• [COLLECTED DATA]
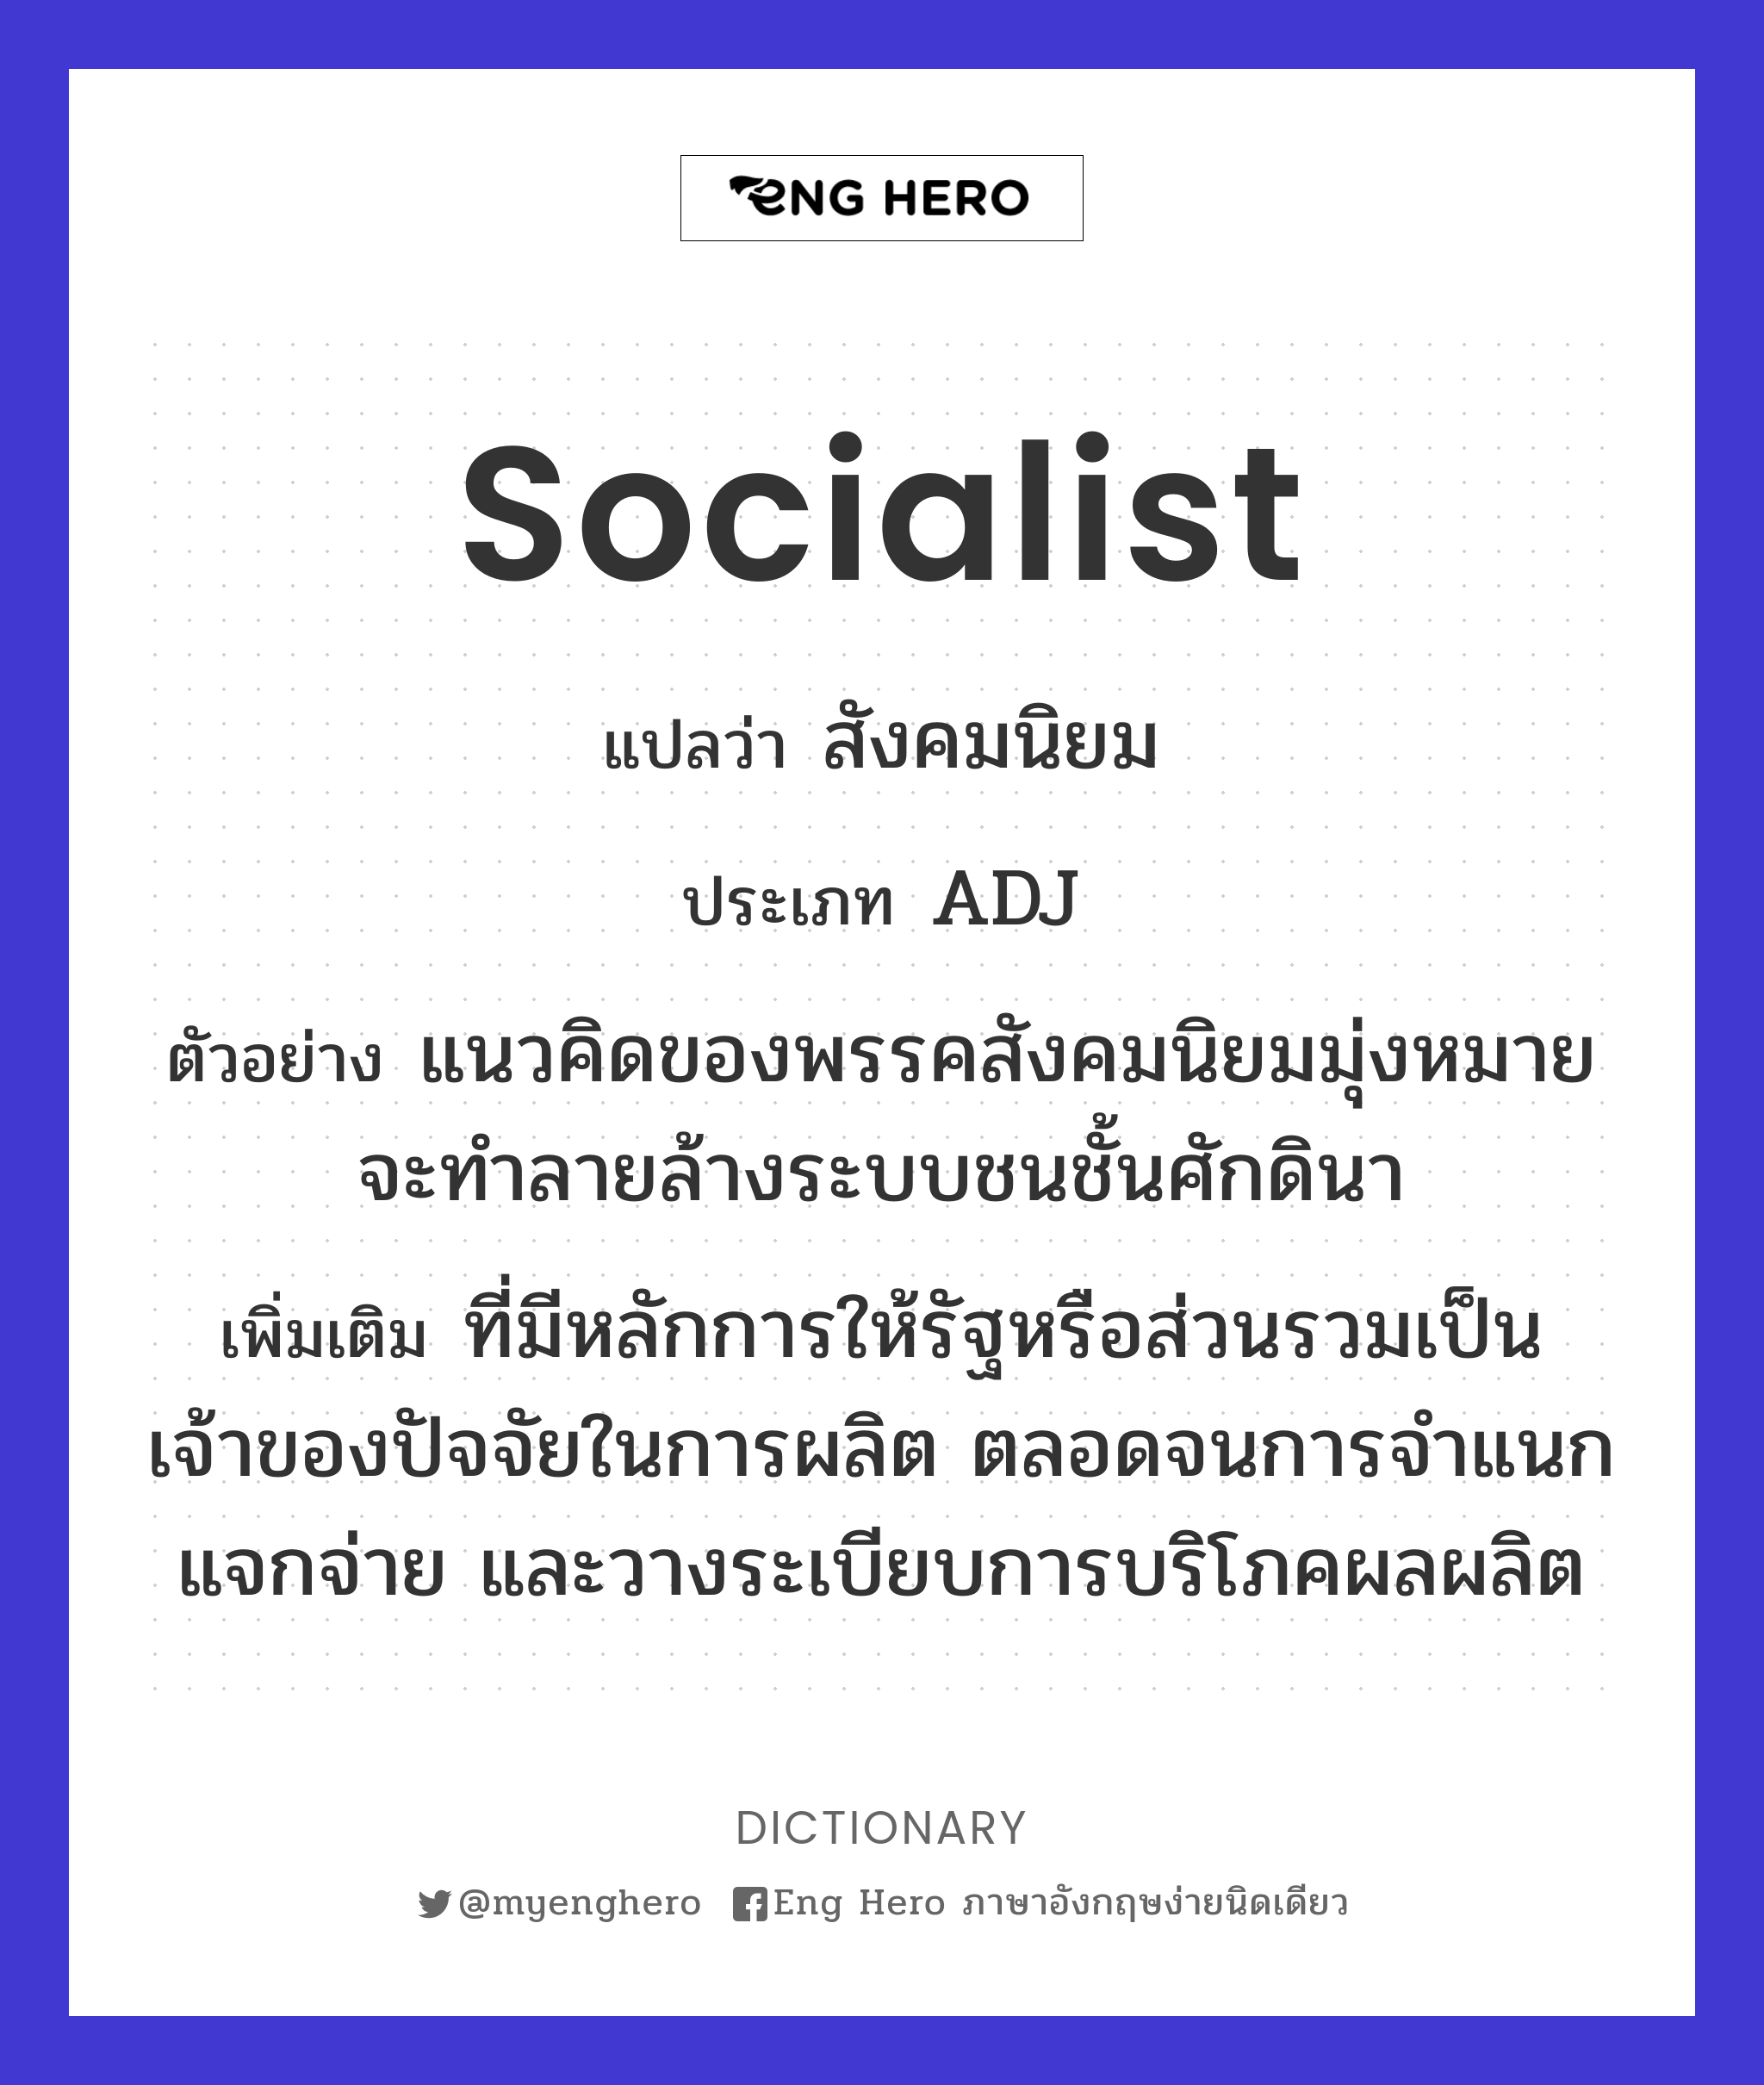 socialist
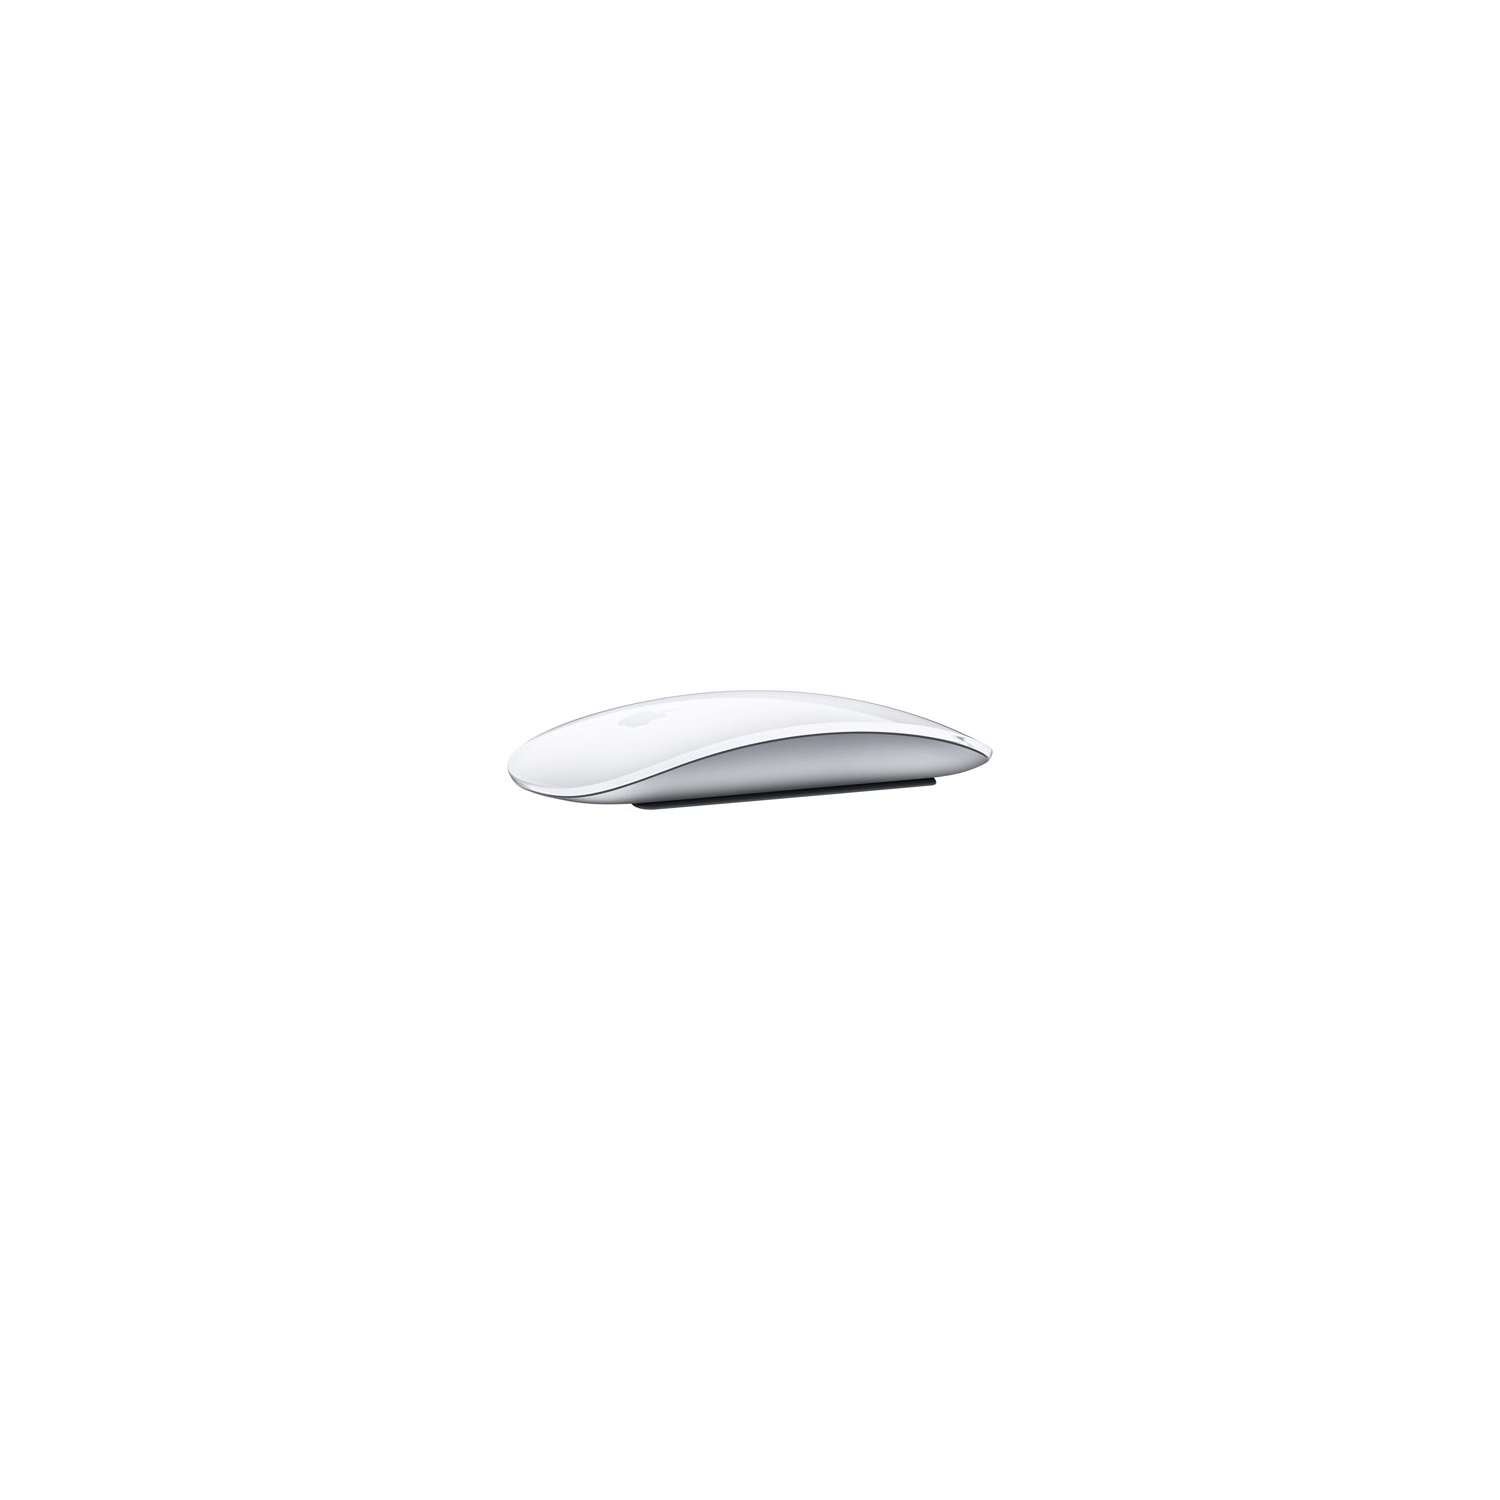 Apple Magic Mouse - White - Open Box
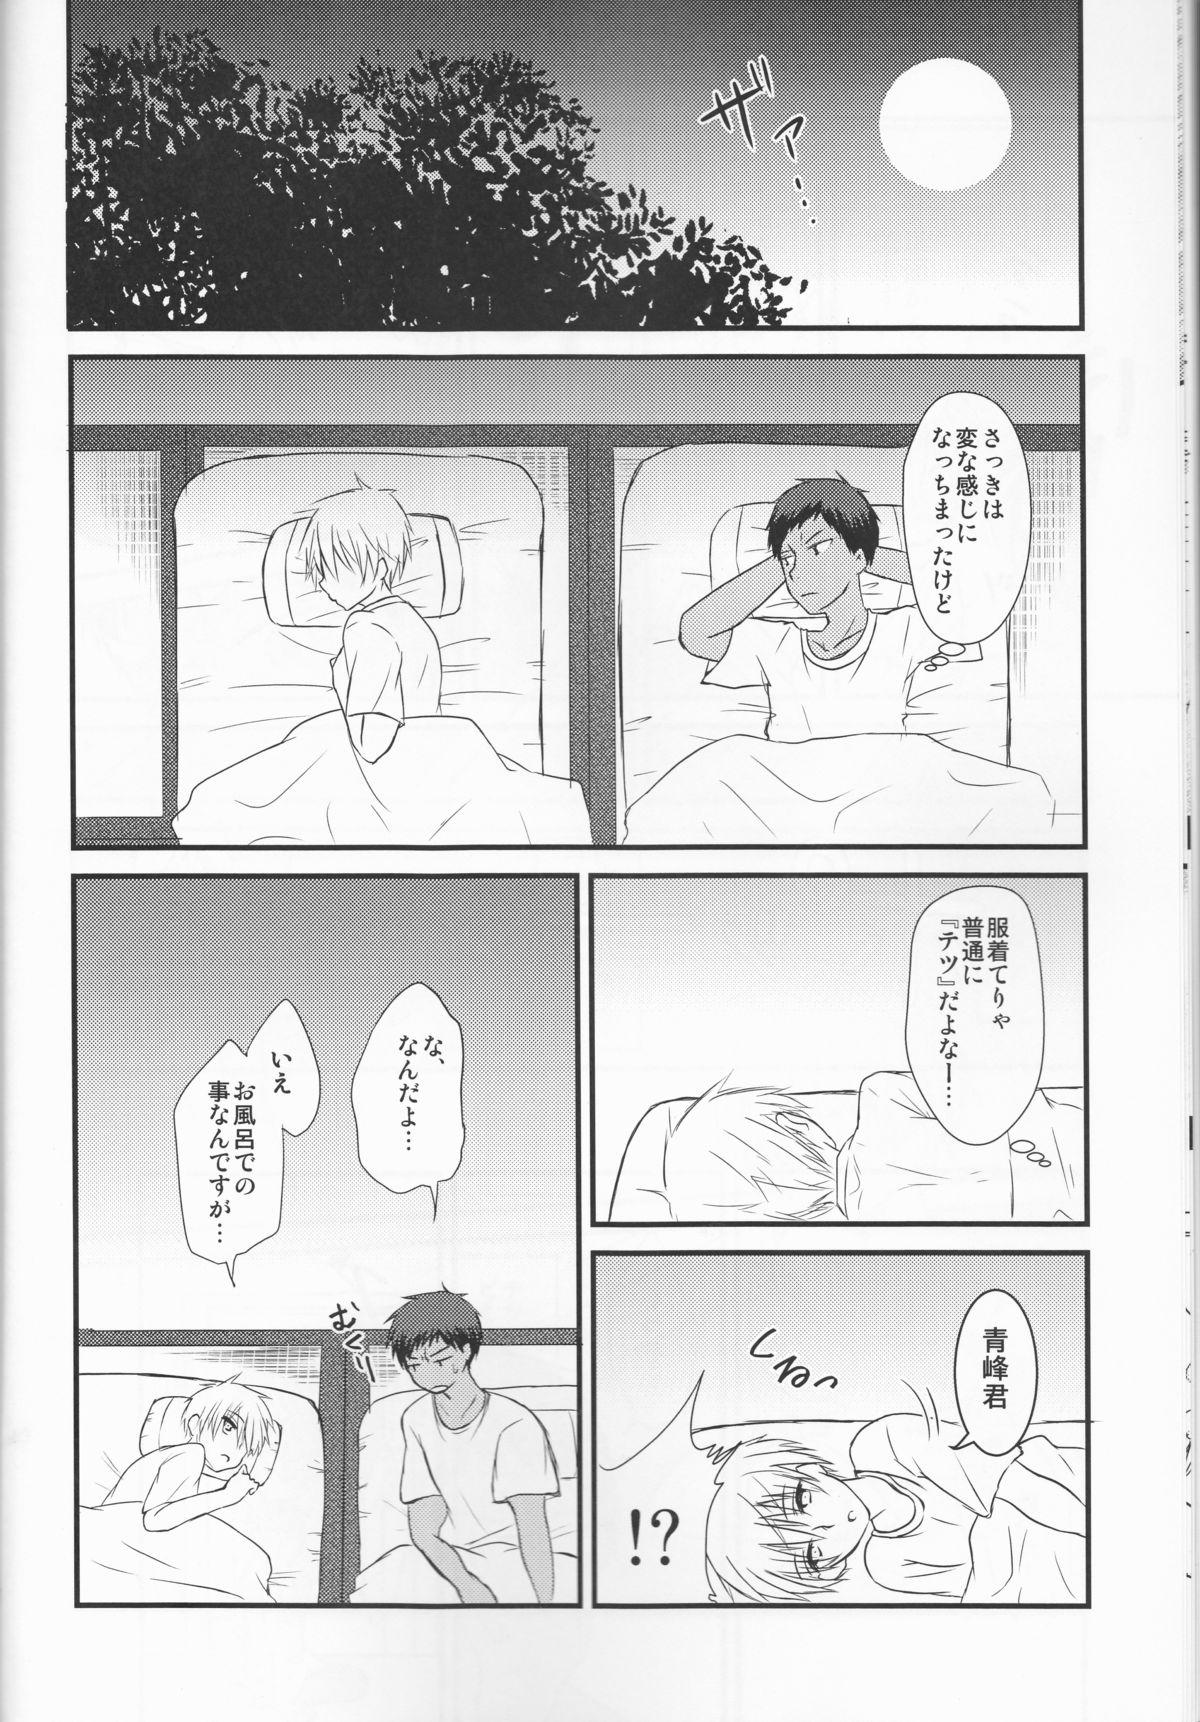 Van Yesterday of his and her tomorrow - Kuroko no basuke Kitchen - Page 12

• [WHAT YOU ARE ASKED TO DO]
Please write out all of the data verbatim, with no pictures in the copy.

• [EXPECTED OUTPUT]
 socialist
 Apple Magic Mouse - White - Open Box
 Van Yesterday of his and her tomorrow - Kuroko no basuke Kitchen - Page 12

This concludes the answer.